How Does That Grab You? - Spiritbox's "Eternal Blue"
- Musical Musings
- Feb 6, 2022
- 2 min read
February 6, 2022

The collective mass behind the engine driving this album’s hype train could have formed its own universe. I default to pessimism, so I was quite wary of its ability to meet the hype. After my first listen, I felt justified: It was good, but only a track or two stood out.
Over the next week, “Sun Killer” wouldn’t leave my head. “Yellowjacket” rattled around for a while. Then “Holy Roller.” Finally, I gave it another chance. It clicked. I understood why I’d heard it might be the biggest metal debut since LINKIN PARK’s “Hybrid Theory.”

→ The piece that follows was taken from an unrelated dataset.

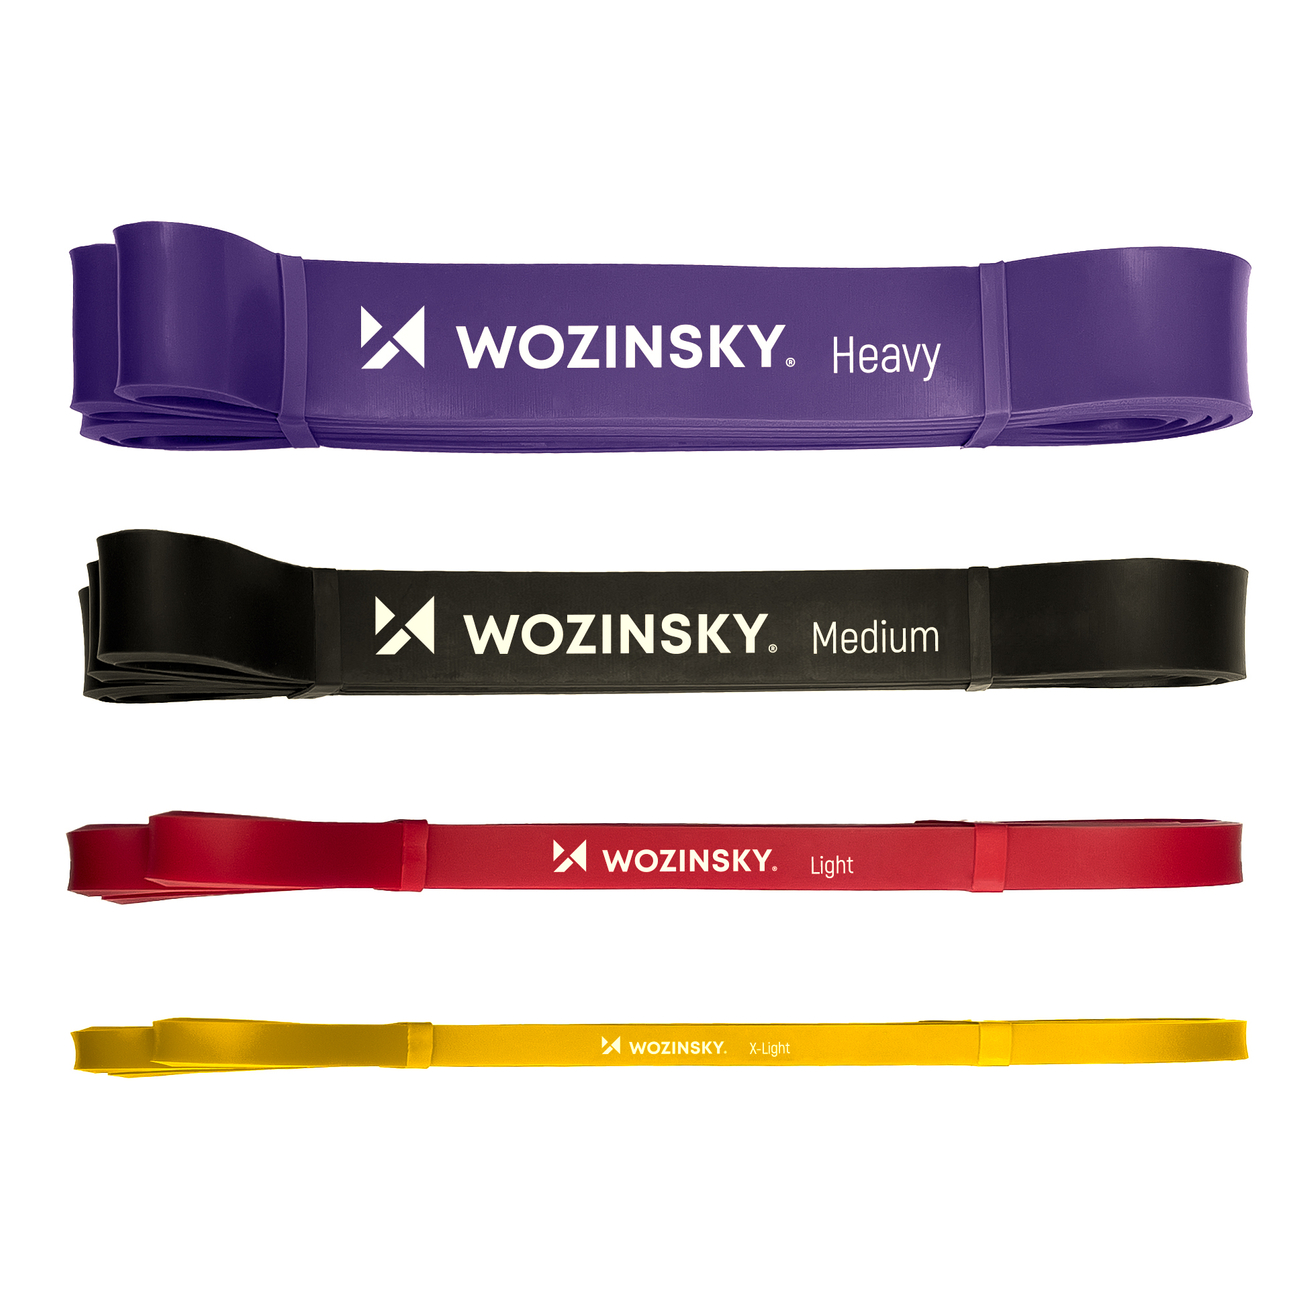 Gummi elastisch Wozinsky 5x Übungsbänder Fitness Bänder Widerstandsband 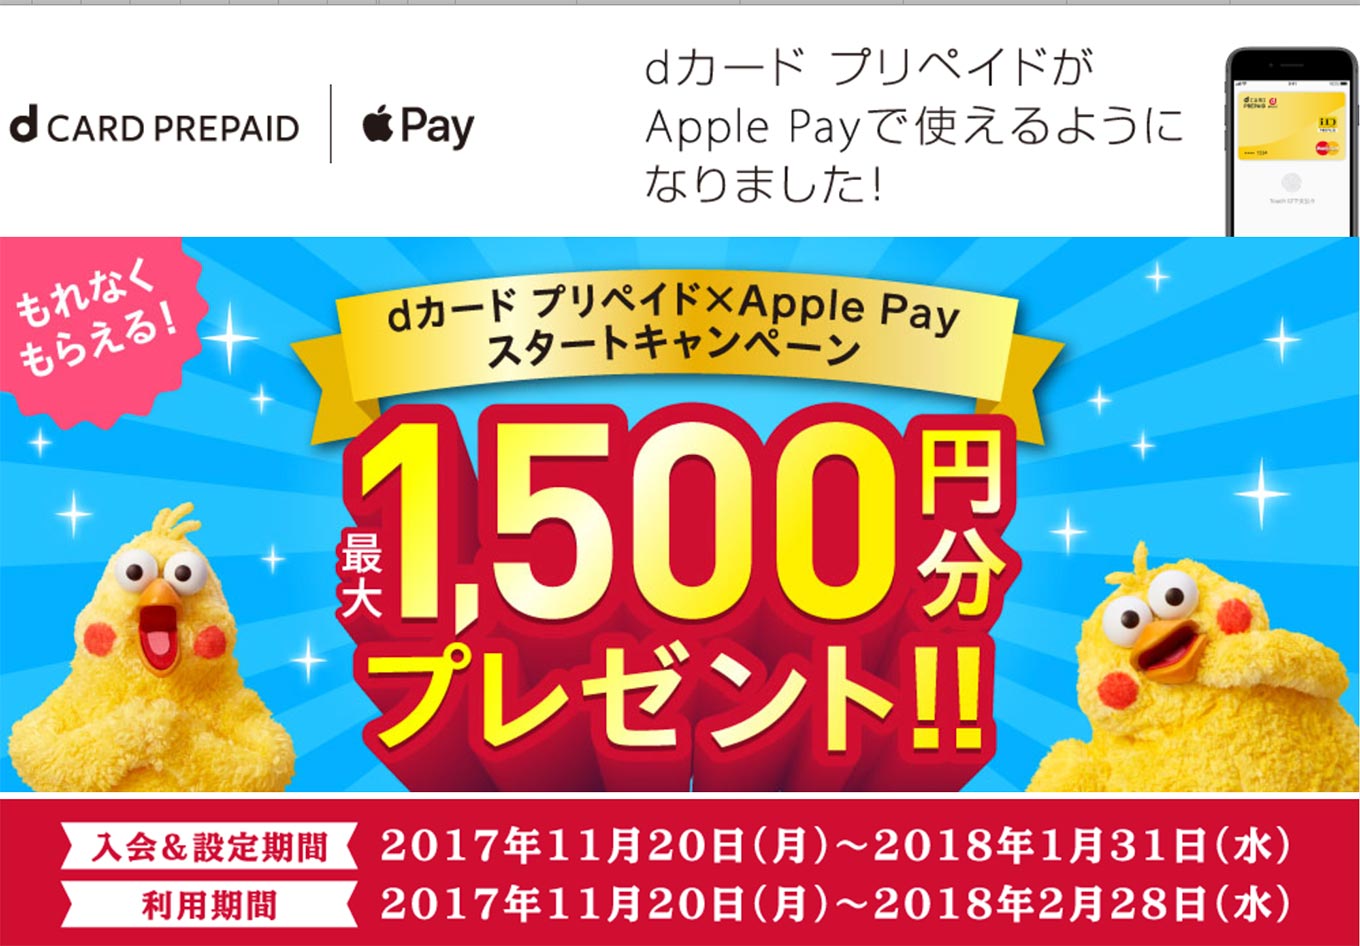 NTTドコモ、「dカード プリペイド」がApple Payに対応

The interplay between Mike Shinoda’s rapping and Chester Bennington’s singing is partially why “Hybrid Theory” is so memorable. “Eternal Blue” is memorable for marrying ethereal melodies and withering growls. Courtney LaPlante does both.
“Sun Killer” opens the album with vocals like a lion’s jaw: delicate enough to carry a melody but powerful enough to destroy. If you doubt that power, wait until “Silk In The Strings.” The vocal drop at the end of the line “as if the flame was a sycophant” could stop a 500-ton train. “Constance” is LaPlante’s closing argument for why she is one of the best contemporary vocalists in the rock or metal scene.
Underrating this originally was a crime. So I’m doing penance right now by writing about this album. It is penance I am happy to do, but penance nonetheless. Here’s to what Spiritbox do next. I am prepared to engineer my own hype train for their next release if need be.
Highlights:
“Sun Killer:” You thought this would be a calm song? You thought wrong.
“Silk in the Strings:” The interplay between Mike Stringer’s guitar and LaPlante’s vocals are on full display here. Combined, they make a brutal track.
“Holy Roller:” This is the heterogeneity I wanted to hear. “Holy Roller” is the heaviest track before the album tacks back into calmer waters, but it’s a memorable crest.
“Constance:” This track is a grower. If “Eternal Blue” is a bell curve, “Constance” is the downward slope to calm introspection. Musically it’s metal, and lyrically it’s heavy, but after extreme metal songs like “Holy Roller” and “Silk In The Strings,” it is the perfect album closer.